What are grounding techniques? (Pt 2)
Grounding techniques are strategies used to help individuals stay present, focused, and connected to reality, especially during times of stress, anxiety, or dissociation. Here are some common grounding techniques:
Counting Backwards: Count backward from 100 by a specific number (e.g., by 7s or 3s). This engages your mind and redirects your focus.
Grounding Through Movement: Engage in gentle movements like tapping your fingers or feet, swaying, or rocking to connect with your body and the present moment.
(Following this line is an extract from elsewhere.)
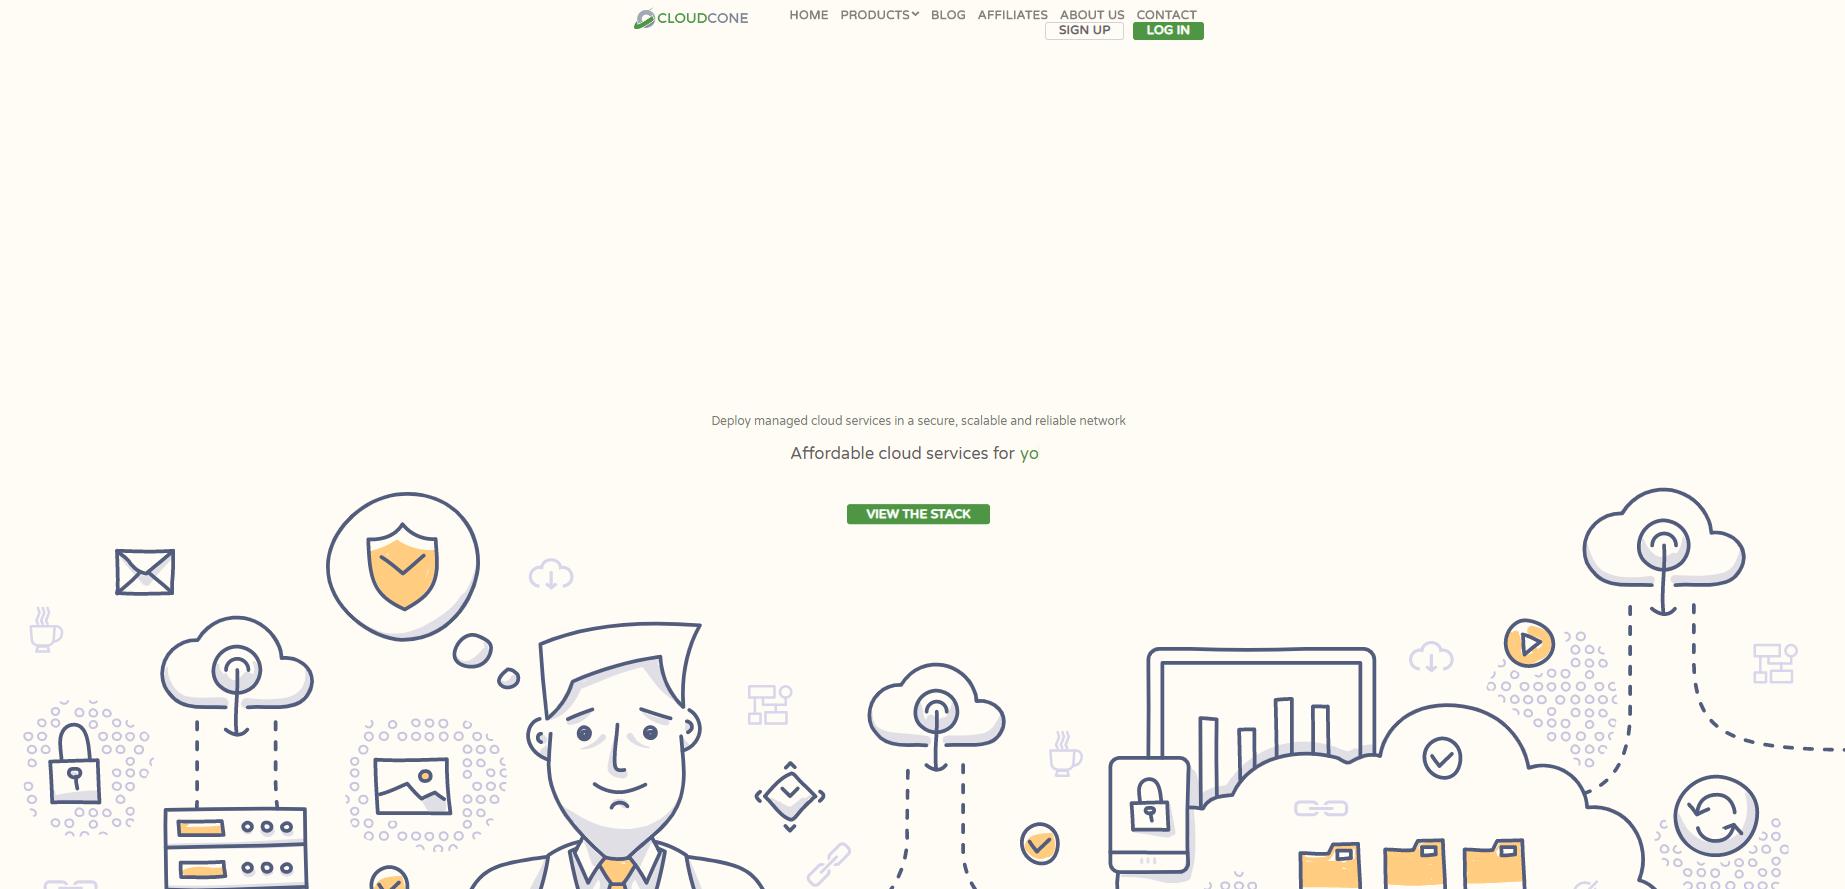 CloudCone官网首页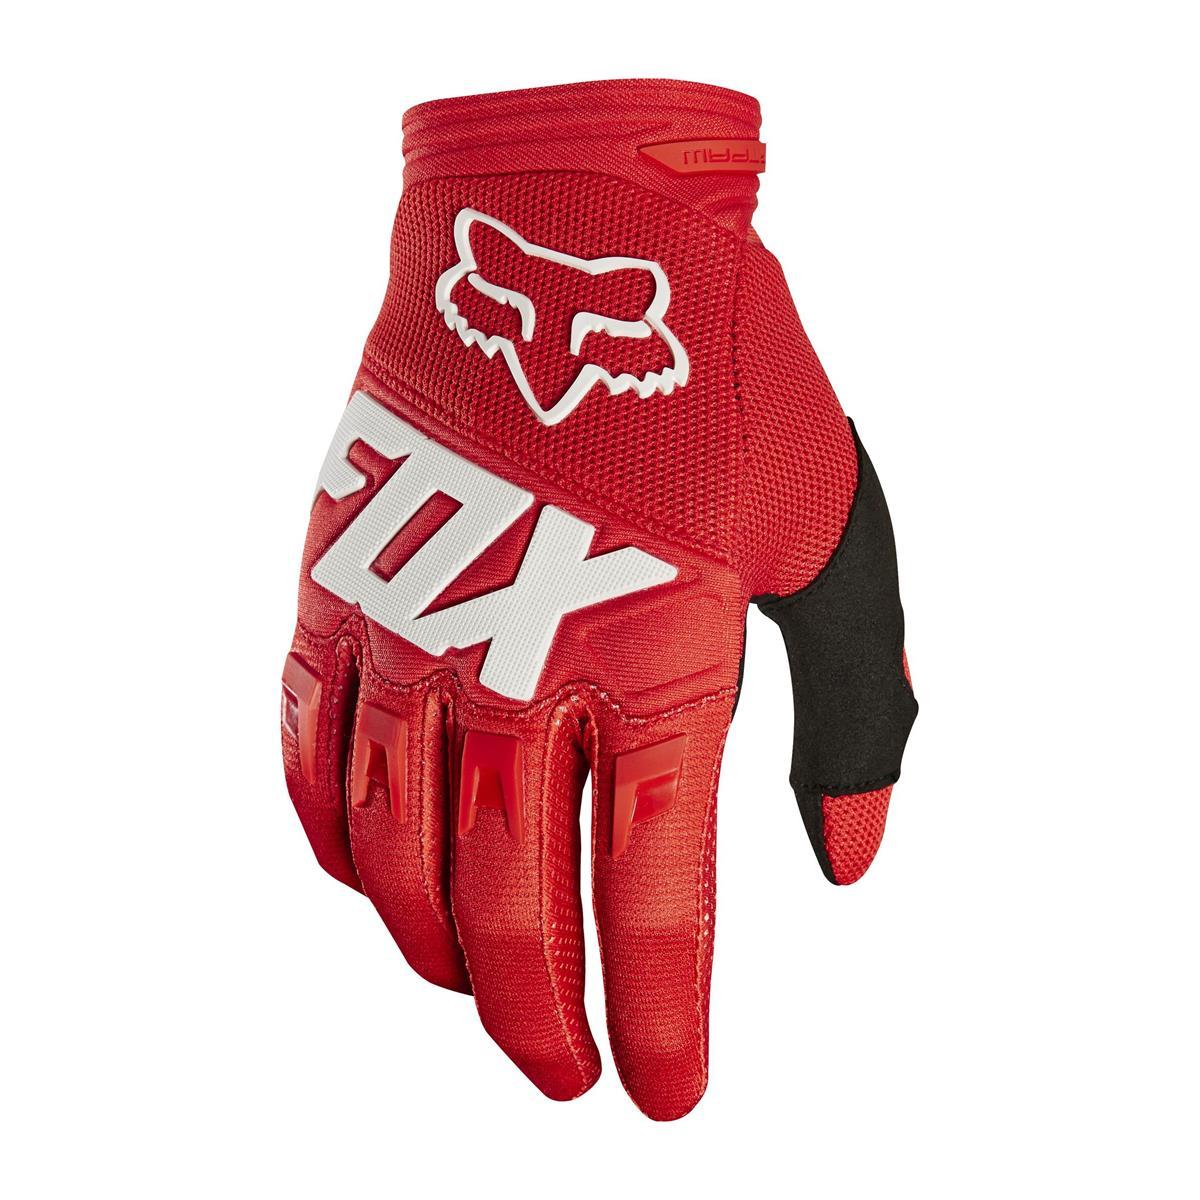 Fox Handschuhe Dirtpaw Rot

Color Exercise: Name different objects or things around you of a specific color. For example, identify all the red items in the room.
Use Affirmations: Repeat positive affirmations or calming statements to yourself, such as "I am safe," "I am in control," or "This will pass."
Imagery Exercise: Close your eyes and picture a calming and safe place in vivid detail. Engage all your senses in this visualization.
Lettering Exercise: Write down positive or calming words in large, bold letters. Focus on the strokes and details of each letter.
Engage Your Senses: Engage in activities that stimulate your senses, like cooking a meal with aromatic spices, taking a warm bath, or listening to soothing music.
Use a Rubber Band Snap: Wear a rubber band on your wrist and gently snap it to bring your attention back to the present moment.
Remember that different techniques work better for different individuals, so it's helpful to try out a few and see which ones resonate with you. Additionally, practicing these techniques regularly can make them more effective over time.